## Entries supplied

• • •

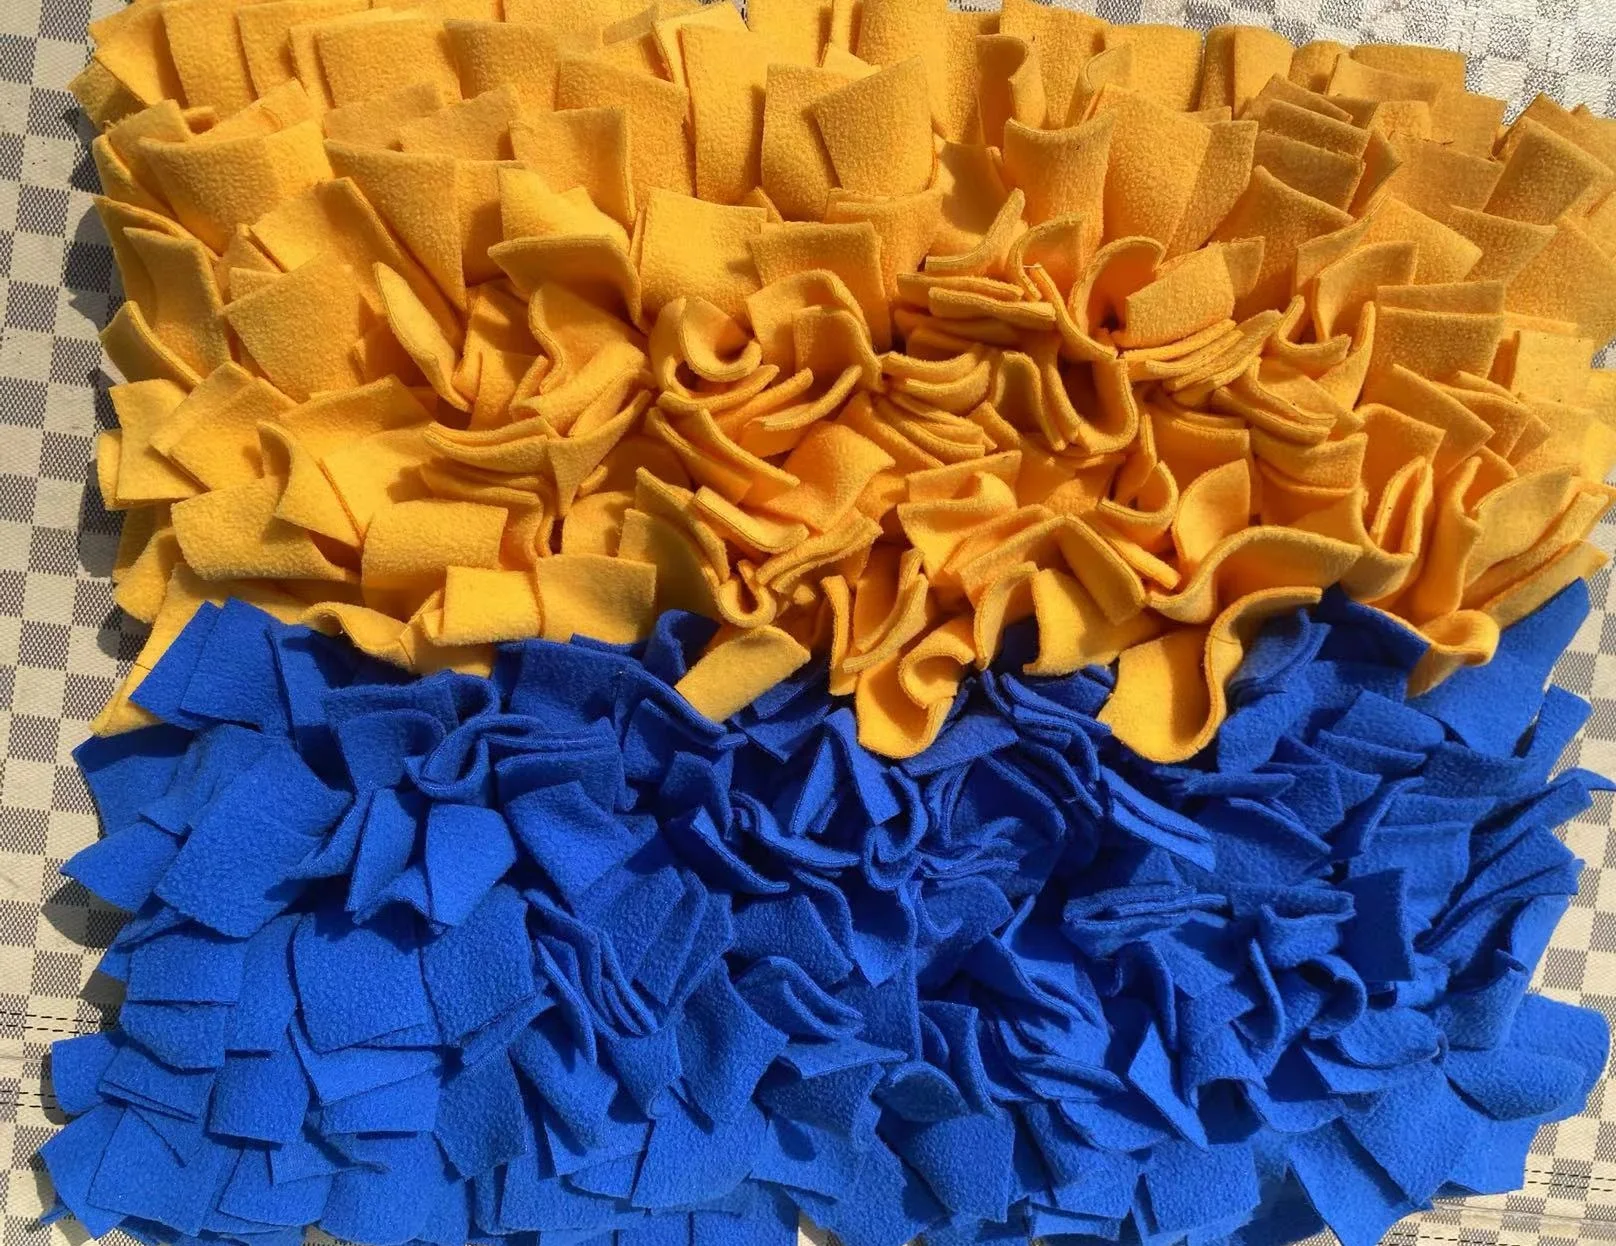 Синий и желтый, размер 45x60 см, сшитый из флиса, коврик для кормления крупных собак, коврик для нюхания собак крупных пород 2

• • •

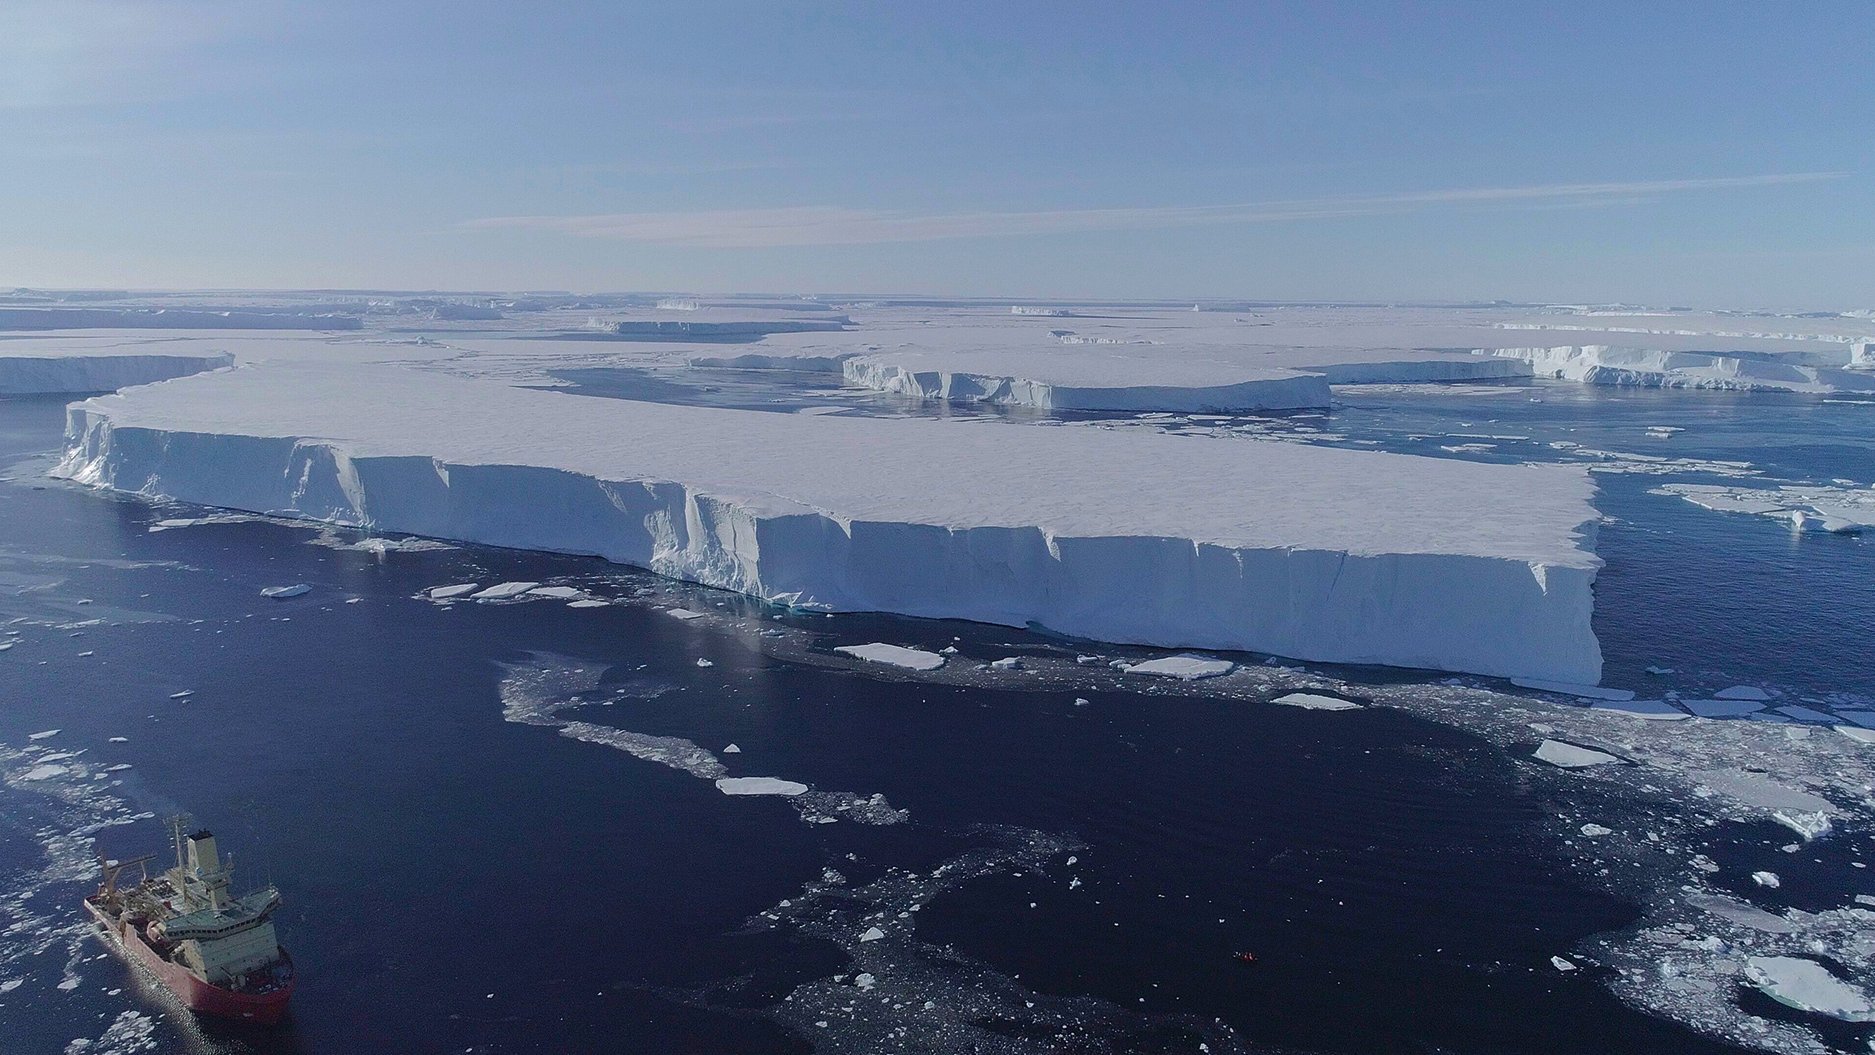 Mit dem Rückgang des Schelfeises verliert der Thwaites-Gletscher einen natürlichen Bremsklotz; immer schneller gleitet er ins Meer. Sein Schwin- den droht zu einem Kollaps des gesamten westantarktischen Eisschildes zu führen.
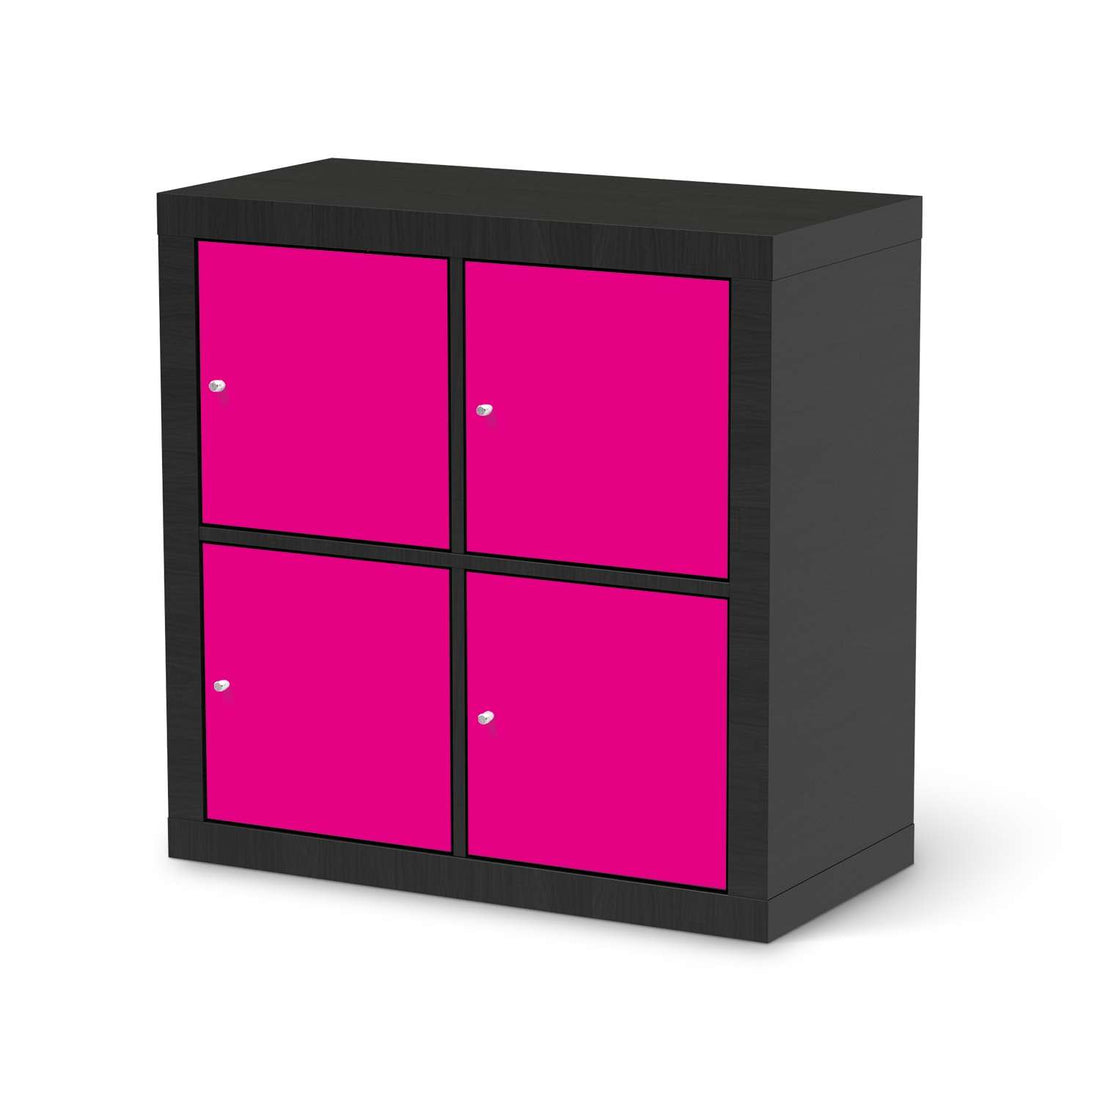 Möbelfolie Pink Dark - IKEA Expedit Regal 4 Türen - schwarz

• • •

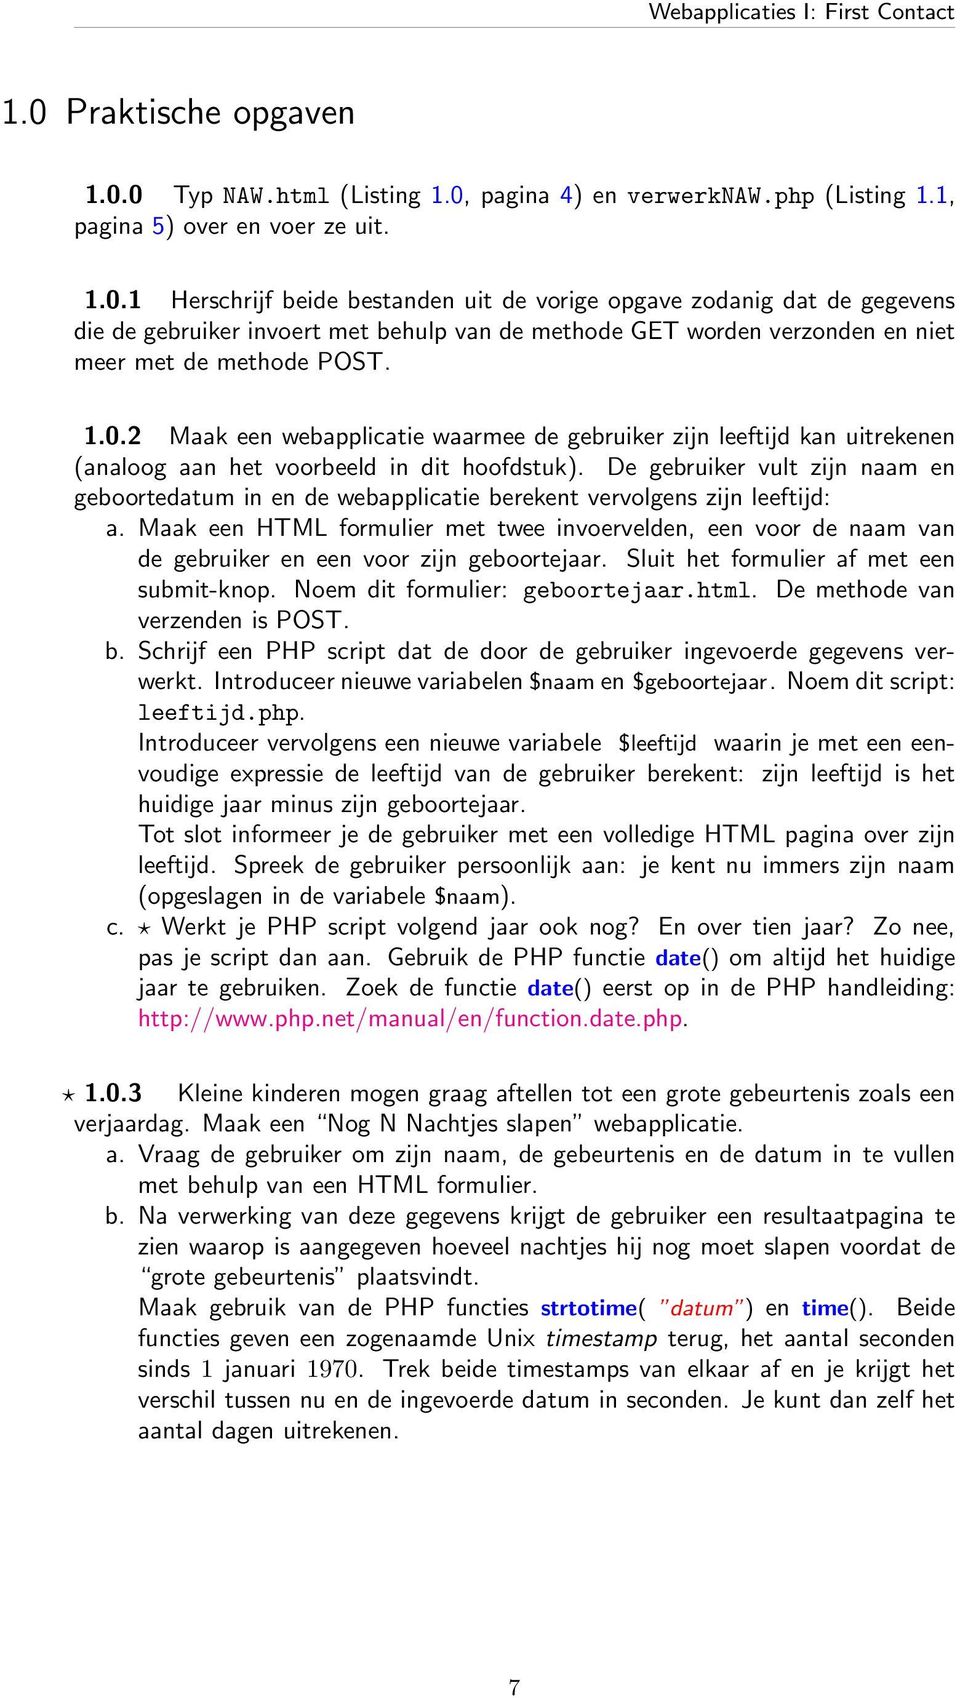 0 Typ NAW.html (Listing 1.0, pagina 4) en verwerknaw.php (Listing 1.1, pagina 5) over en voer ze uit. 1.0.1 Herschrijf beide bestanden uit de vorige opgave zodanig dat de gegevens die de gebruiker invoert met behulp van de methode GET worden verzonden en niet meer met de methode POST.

• • •

## Brief
Above are some records. Output exactly the lines from the one that contains "Mit dem Rückgang" to the one that contains "Möbelfolie Pink Dark", keeping both, and omit the pictures.

## Answer section
 Mit dem Rückgang des Schelfeises verliert der Thwaites-Gletscher einen natürlichen Bremsklotz; immer schneller gleitet er ins Meer. Sein Schwin- den droht zu einem Kollaps des gesamten westantarktischen Eisschildes zu führen.
 Möbelfolie Pink Dark - IKEA Expedit Regal 4 Türen - schwarz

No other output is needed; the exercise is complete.